Remembering Lives Lost on the Job

Given the present circumstances, there is heightened significance on this year’s National Day of Mourning, which is marked today and every April 28 in Canada, to remember those who have died, were injured or made ill at work.

In this regard, the Canadian Centre for Occupational Health and Safety notes:

“This year, this day takes on extra meaning as we express our gratitude to the healthcare workers on the front lines, grocery, transport, and service staff helping to keep communities running, and all the other essential personnel who have answered the call during the coronavirus (COVID-19) pandemic. Your dedication and efforts are beyond measure. “

Earlier this  month, Ontario healthcare workers held a moment of silence for the 58-year old Brampton hospital cleaner who died of COVID-19 and the nearly thousand other healthcare workers in the province who have tested positive for the virus.

This year, labour and injured worker groups can’t hold in-person events, but they are finding other ways to observe the National Day of Mourning. Linda Reaume, president of the Chatham-Kent Labour Council remarked:

“With people working in a situation which is really not safe, we honour those people because we continually fight to have health and safety followed in workplaces. … After 38 years (of holding this event), we are still fighting the same battle, so we will not give up on workers’ rights to be safe when they go to work.”

While the pandemic has brought workplace injury and death into the spotlight, it’s important to remember that a staggering number of Canadians die at work or because of work every year. The most recent official statistics found that 951 people died of work-related causes, but a 2019 study published in the Journal of Canadian Labour Studies estimates the true number of workplace deaths could be 10 times higher.

The study finds that the biggest reason for underestimation is occupational cancer and disease. But other non-reported work-related fatalities could come from excluded occupations (particularly farming), injury while commuting, presenteeism and collateral relationships (for instance, spouses affected by asbestos transfer from work clothes).
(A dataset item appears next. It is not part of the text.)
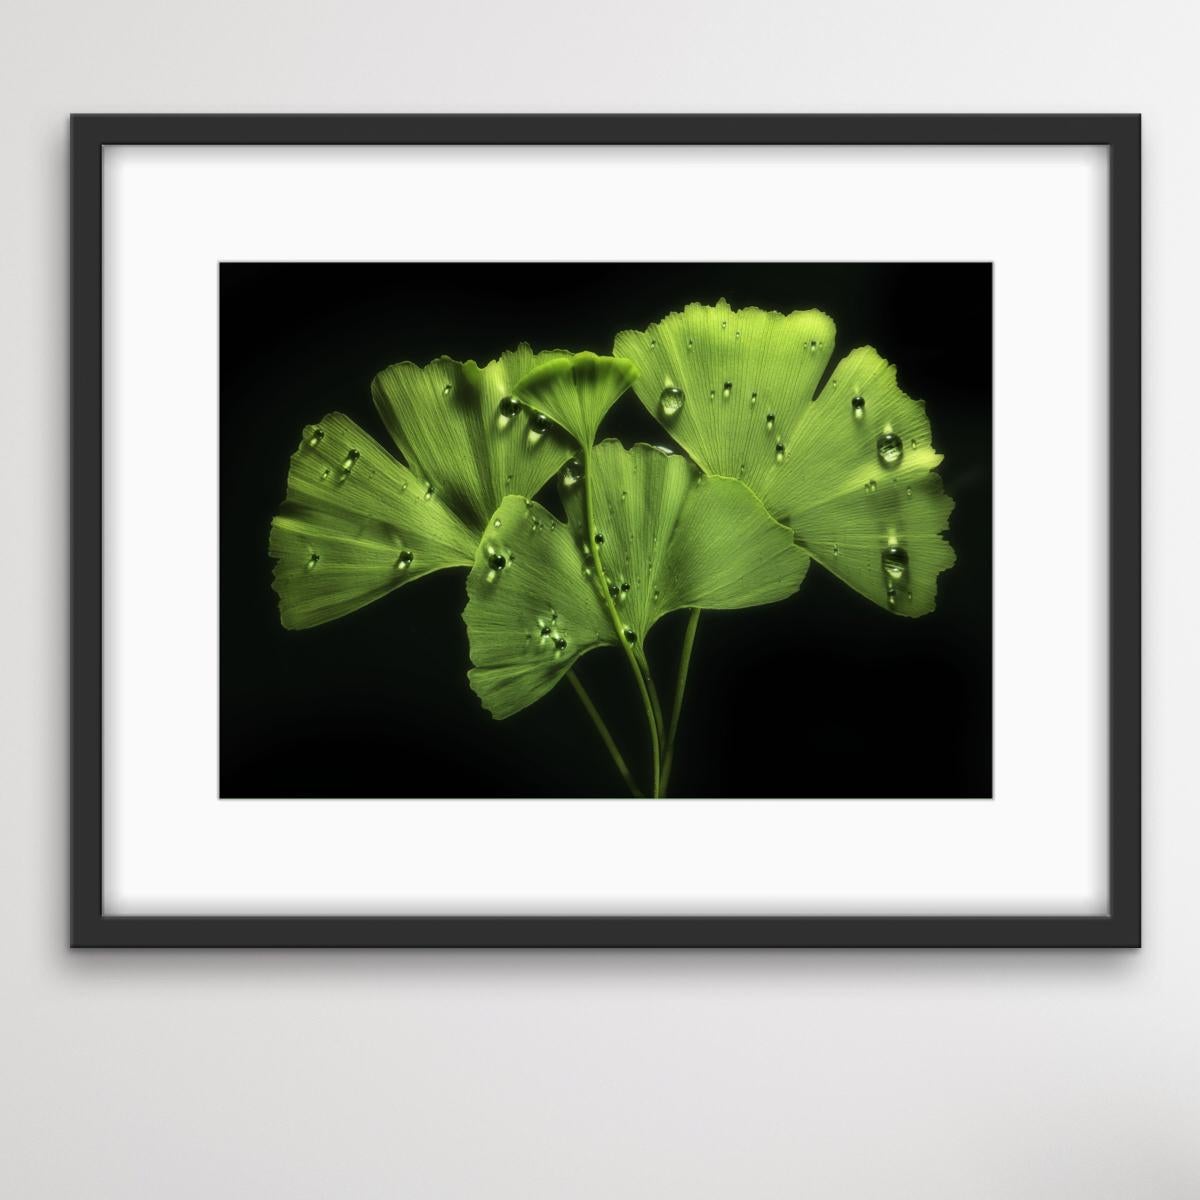 Ginko Biloba No. 1, floral photography, limited edition print, green art For Sale 1

Additionally, one of the study authors notes that “between 10 and 17 per cent of annual suicides in Canada could be classified as work-related, representing a range of 400 to 800 fatalities each year.

 

Numbers, of course, never tell the whole picture. The family support organization Threads of Life reminds us of the personal level of human suffering caused by workplace fatality:

“If you think of the thousands of workers and families affected just in the three decades we’ve been observing Day of Mourning, it’s overwhelming. Each of those workers was a unique individual with likes and dislikes, favourite t-shirts, good and bad habits, goofy jokes, irritations, plans and loves. So on Day of Mourning we join with our Threads of Life families to honour and remember those individuals.”

At this time, let us also acknowledge the risk and sacrifice involved in keeping the province running in the midst of a pandemic, and express our deep gratitude to all the essential workers in high-risk workplaces right now.